As eleições dos próximos meses vão seguramente reactivar o tópico decisivo que marca a diferença entre a esquerda e a direita entre nós. Como não temos verdadeiramente nem uma esquerda revolucionária nem uma direita reaccionária, o que marca a diferença entre PS e PSD é, estruturalmente, o que cada um destes partidos quer do Estado.
O PSD e o CDS governaram nos últimos quatro anos usando um expediente externo – as supostas imposições da troika – para vender e concessionar activos públicos, realizando uma receita imediata, mas perdendo capacidade de intervenção e receita pública futura. A rapidez do processo foi tal que, em poucos meses, um governo de direita na Europa aliena activos públicos estruturais a empresas construídas e lideradas pelo PC chinês, e isso nem uma leve ironia suscita a ninguém. Até o PCP se insurgiu contra a venda de parte da EDP ao capital chinês, considerando-a como um “acto de gestão danosa”… O melhor branqueamento, em todos os sentidos e direcções, é o do mercado global, está visto.

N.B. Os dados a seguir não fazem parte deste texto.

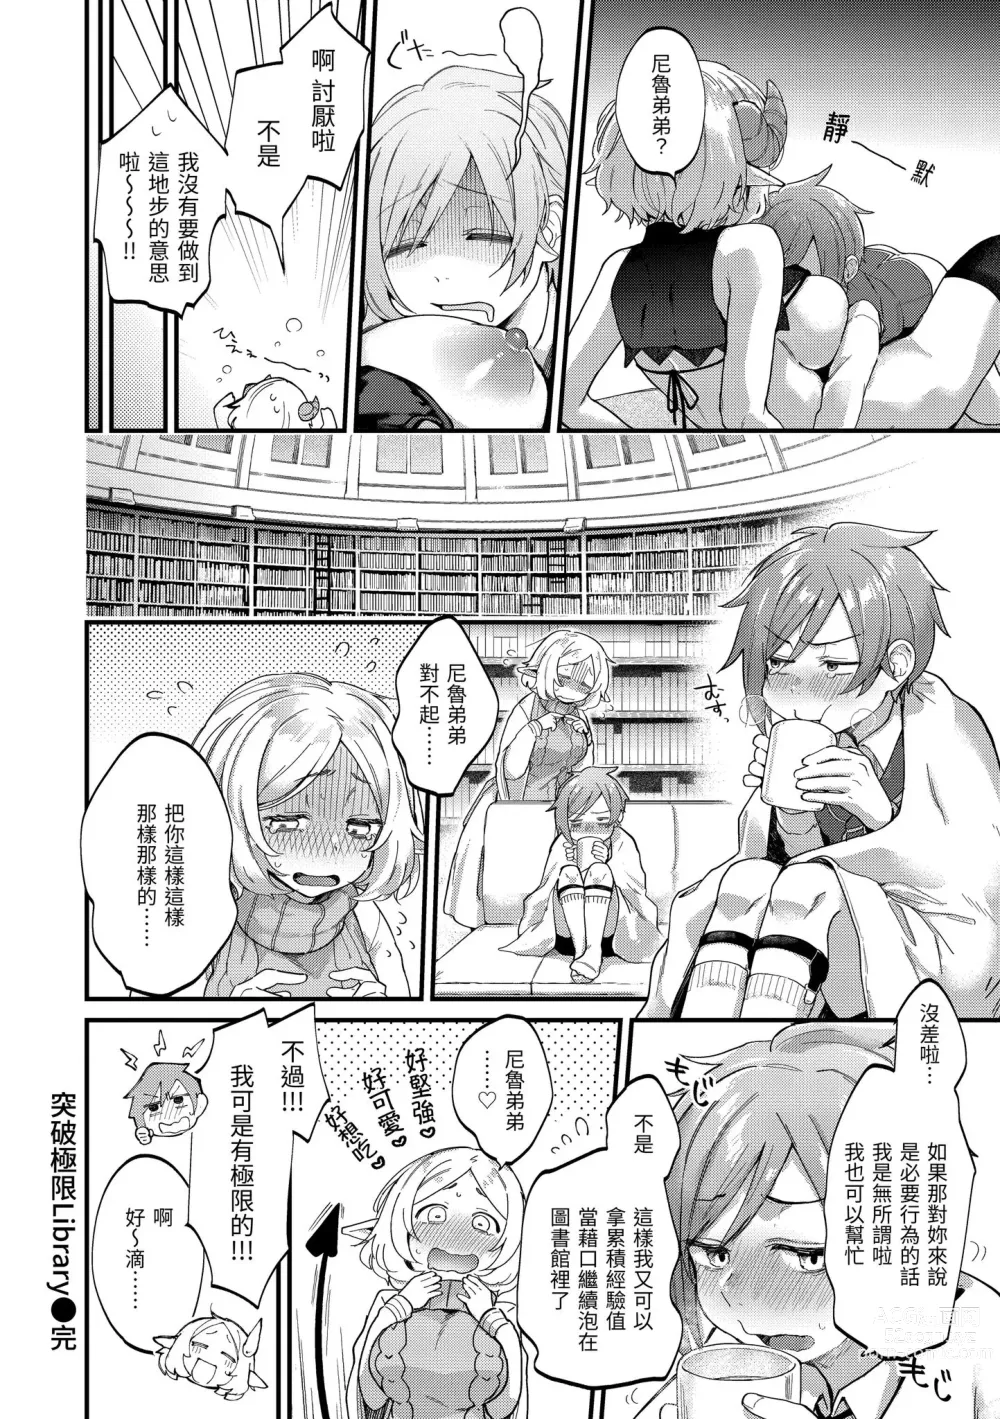 Page 178 of manga 直到你明白什麼是喜歡

Para a direita, o Estado é um mal necessário que deve ser contido com todas as nossas forças. Porque tudo o que é público é, por natureza, mal gerido, deficitário e esbanjador. Esgota as energias e suga os recursos do único país real, que é o país privado. Claro que a direita gosta de falar a este propósito de educação, saúde e afins, sendo-lhe fácil chegar a conclusões convenientes. Olhar a despesa social e exigir-lhe uma rentabilidade especulativa não deixa de ser uma tentação.
No dia em que a actividade privada conseguir dar lucro e tratar de forma igualitária e correcta doentes ou educar convenientemente criancinhas de meios sociais e familiares tão divergentes, sem subvenções públicas e sem cobrar aos envolvidos valores exorbitantes, então converto-me. Até lá, ainda acho que há lugar para serviços públicos e para serviços privados, sendo, aliás, a qualidade dos últimos directamente influenciada pela qualidade dos primeiros. E a eventual margem de lucro que surgiria com a actividade privada deve é ser devidamente aproveitada pela gestão pública para qualificar as prestações em causa.
O ensino superior, entre nós, foi um bom exemplo das motivações e dos resultados francamente discutíveis do sector privado, perante o boom de estudantes entre os anos 80 e 90. Das poucas instituições de ensino superior sobrantes dessa época, muito poucas se procuraram afirmar pela qualidade, suplantando a oferta pública e criando projectos sustentáveis e diferenciadores. Limitaram-se à sua emulação, quantas vezes ela própria simplificada e aligeirada – no fundo, também aquilo que o seu mercado estabelecia como padrão e que muitos dos seus clientes procuravam.
Mais reconfortante do que dar dinheiro a ganhar a um accionista é oferecer à comunidade um serviço ou uma prestação cada vez melhor, digo eu. Mas claro que gostar muito de dinheiro, mesmo sendo pecado, não é proibido.